Bill banning discrimination based on sexual orientation gets hea - News, Weather & Sports

Bill banning discrimination based on sexual orientation gets hearing

State Rep. Mary Lou Marzian State Rep. Mary Lou Marzian
Kile Nave Kile Nave
Ralph Dechabert Ralph Dechabert

FRANKFORT, KY (WAVE) - A police officer who says he was fired for being gay and an executive from a major Louisville company both asked Kentucky lawmakers Wednesday to ban workplace discrimination based on sexual orientation.

It's the first time either a House or Senate committee had held a hearing on the issue, which supporters call the "Fairness Bill."

Kile Nave, who won a case in front of the Louisville Metro Human Relations Commission against his former employer, the Audubon Park Police Department, told lawmakers that he had been fired in 2012 for being gay.

"I'm a proud Christian, a Republican, a gun owner, and I'm gay," Nave said. "And I deserve to be protected against discrimination, just like everyone else."

Rep. Mary Lou Marzian, D-Lousville, sponsored House Bill 171. She described how she found out her brother was gay when he tried to commit suicide as a teenager.

Five people spoke in favor of the measure at the House Judiciary Committee meeting. One lawmaker on the panel thanked Marzian for her work, but no legislators asked questions.

Afterward, Chris Hartman, acknowledged the bill might not advance any further this legislative session, but said just holding the hearing showed the issue has momentum.

Six Kentucky cities, including Louisville, have ordinances banning workplace discrimination based on sexual orientation.
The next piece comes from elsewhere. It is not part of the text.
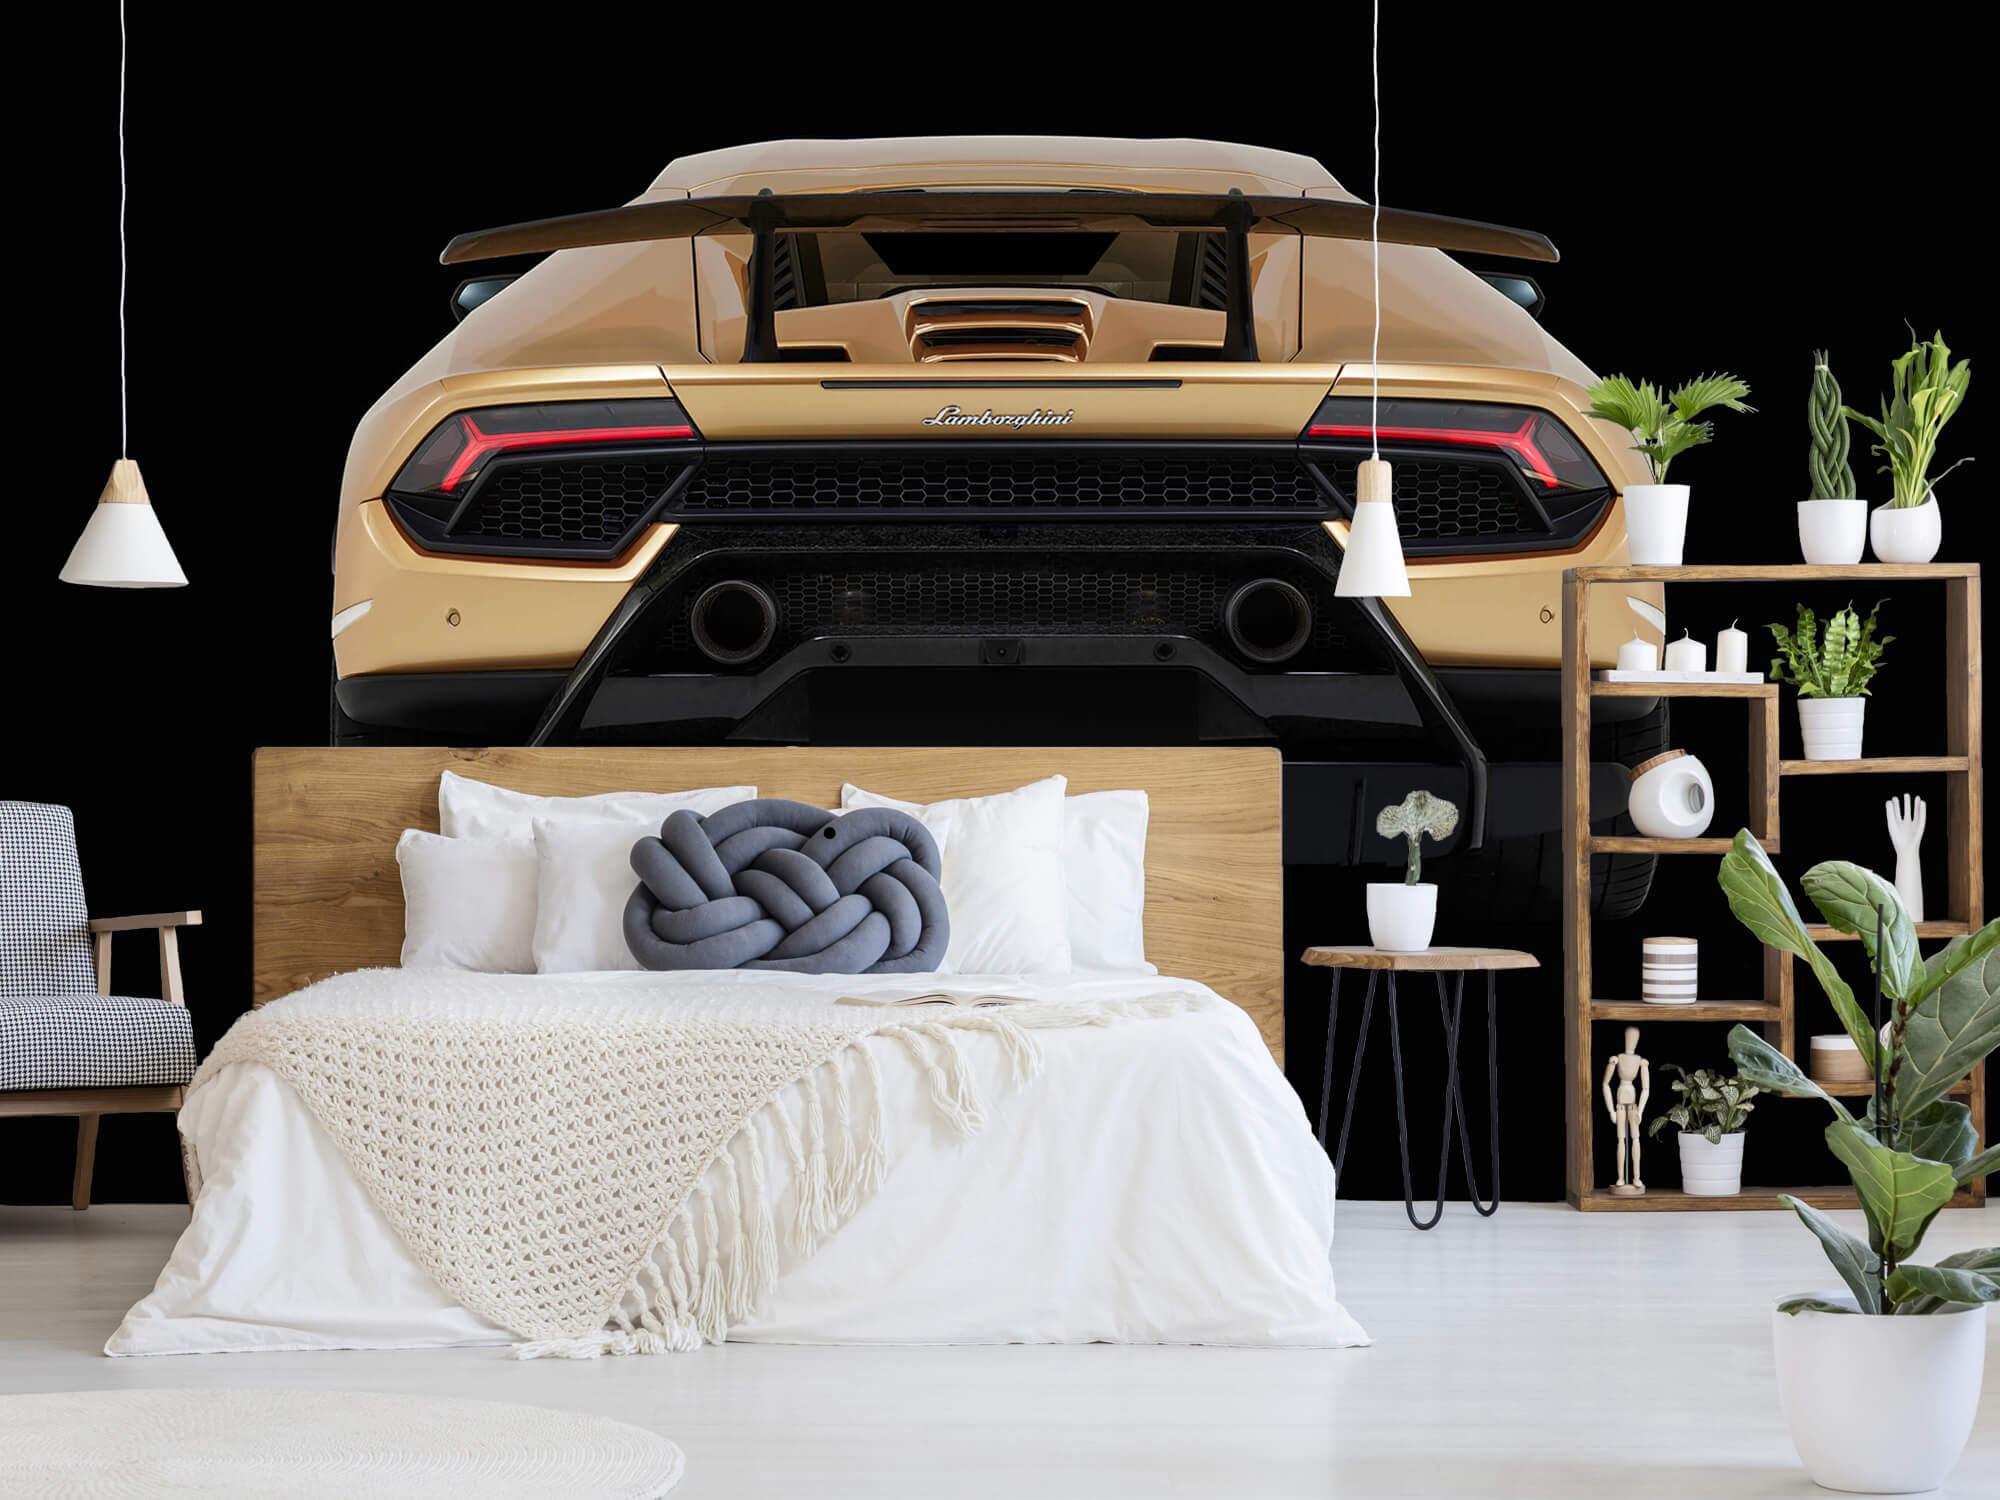 Wallpaper Lamborghini Huracán - Rear view, black 1

Twenty-one states have similar legislation, Hartman said.

Ralph De Chabert, the chief diversity officer at Brown-Forman Corp., told lawmakers that his company has benefited from its own anti-discrimination policy among its 4,000 worldwide employees. 

It's also good business for the Louisville-based seller of spirits and wine, De Chabert said.

"You can't just go into (the LGBT) community to sell your product," he said. "That community wants to know you care about issues that impact them very deeply."